The introduction of “multiomic” technologies to examine nucleic acid, protein, and other profiles, elicited high hopes that the mysteries of vaginal eubiosis and dysbiosis— that is, optimal and suboptimal vaginal bacterial communities—would be quickly elucidated. Although the study by Klatt et al. simply grouped participants into Lactobacillus-dominant (i.e., eubiotic) and non–Lactobacillus-dominant (i.e., dysbiotic) groups, emerging data now hint that the complexities of these conditions are considerably more nuanced, perhaps an important lesson for the broader field of microbiota research. Molecular techniques that enable species-level classification of Lactobacilli suggest that not all Lactobacilli are created equal with respect to their ability to protect the female reproductive tract. For example, vaginal microbiota dominated by L. iners have been associated with increased acquisition of sexually transmitted infections (11) and preterm birth (12). There is emerging evidence that within the same species, different strains of L. iners may be more or less beneficial (13). Similarly, strain-specific differences in the anaerobe Gardnerella have been documented (14).

Precision medicine, defined by the U.S. National Institutes of Health as “an emerging approach for disease treatment and prevention that takes into account individual variability in genes, environment, and lifestyle for each person,” must also account for the variability of the individual’s microbiota. This raises a critical question: Can a woman’s vaginal microbiota be altered? Unfortunately, dysbiosis is difficult to treat: Although in the short-term, antibiotic therapy substantially alters the structure and composition of the vaginal microbiota in women with bacterial vaginosis, nearly 60% will have a recurrence within a year following therapy (15). Thus, effective antibiotic-sparing pre- and probiotics are actively being sought.

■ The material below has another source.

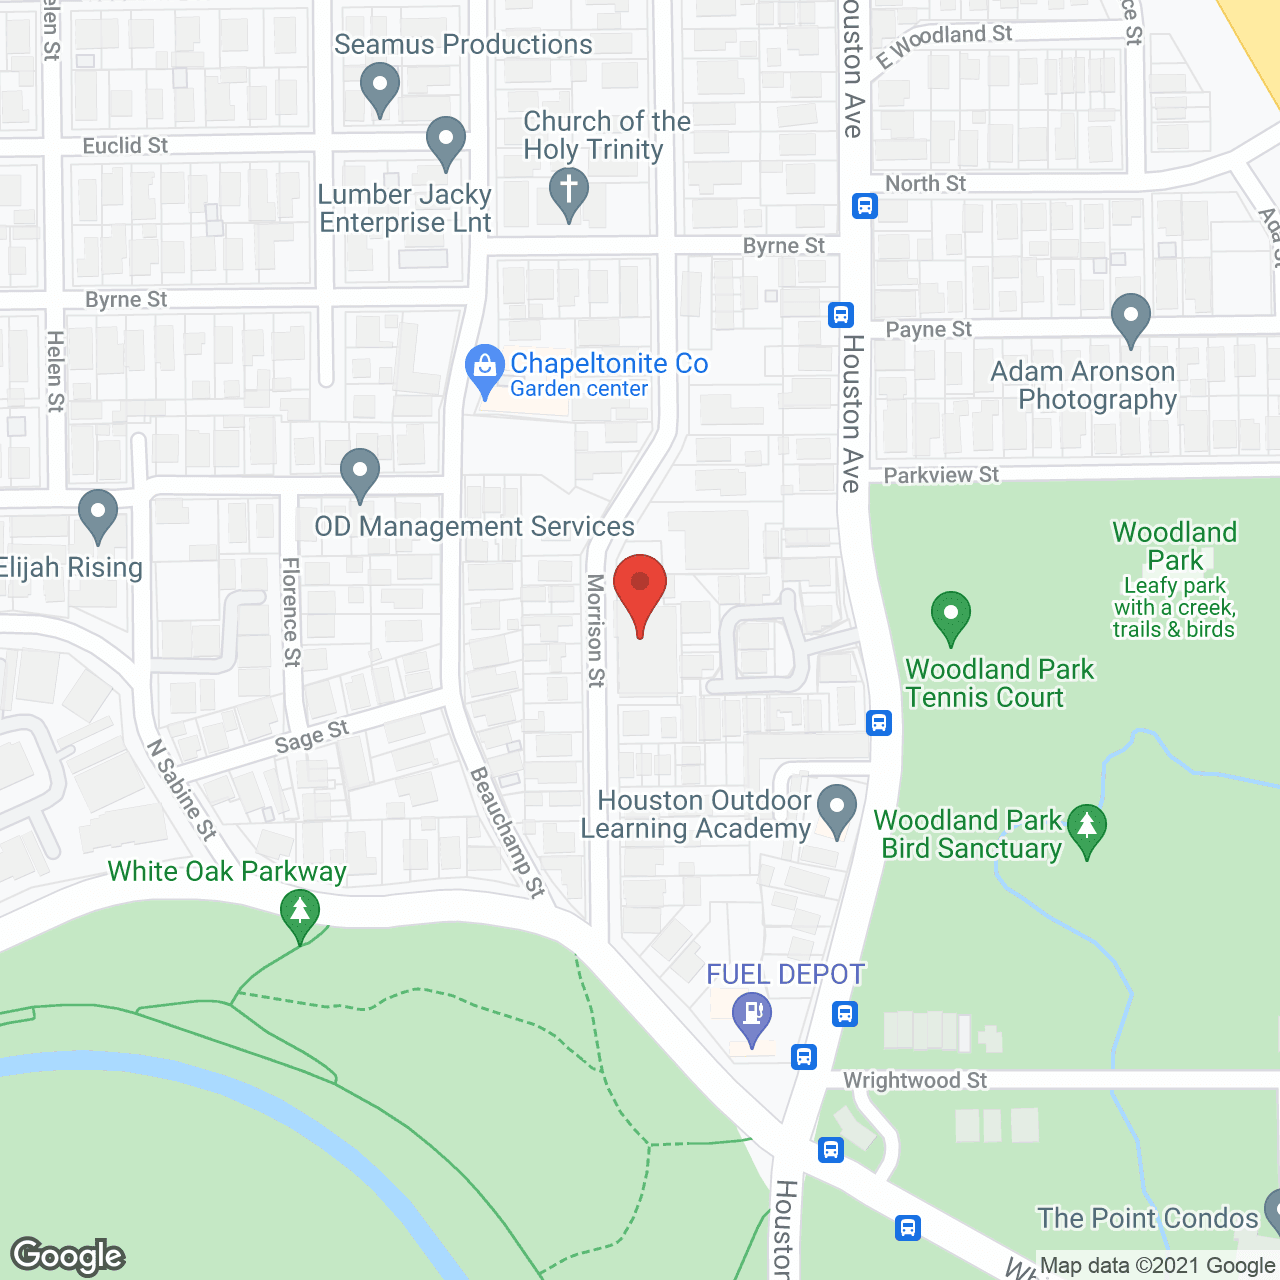 Highland Park Care Ctr in google map

To date, variability in study designs, outcomes (prevention versus treatment of dysbiosis as well as methods of measurement of the vaginal microbiota), and strains limit the ability to draw definitive conclusions on probiotic efficacy. The study by Klatt et al. is a reminder that without a deeper understanding of the structure, function, and dynamics of the vaginal microbiome, successful interventions to optimize it and improve women’s health will remain elusive.

Figure 1.

The microbicide tenofovir prevents retroviral replication. As a vaginal gel, it offers a feasible method for preventing HIV infection.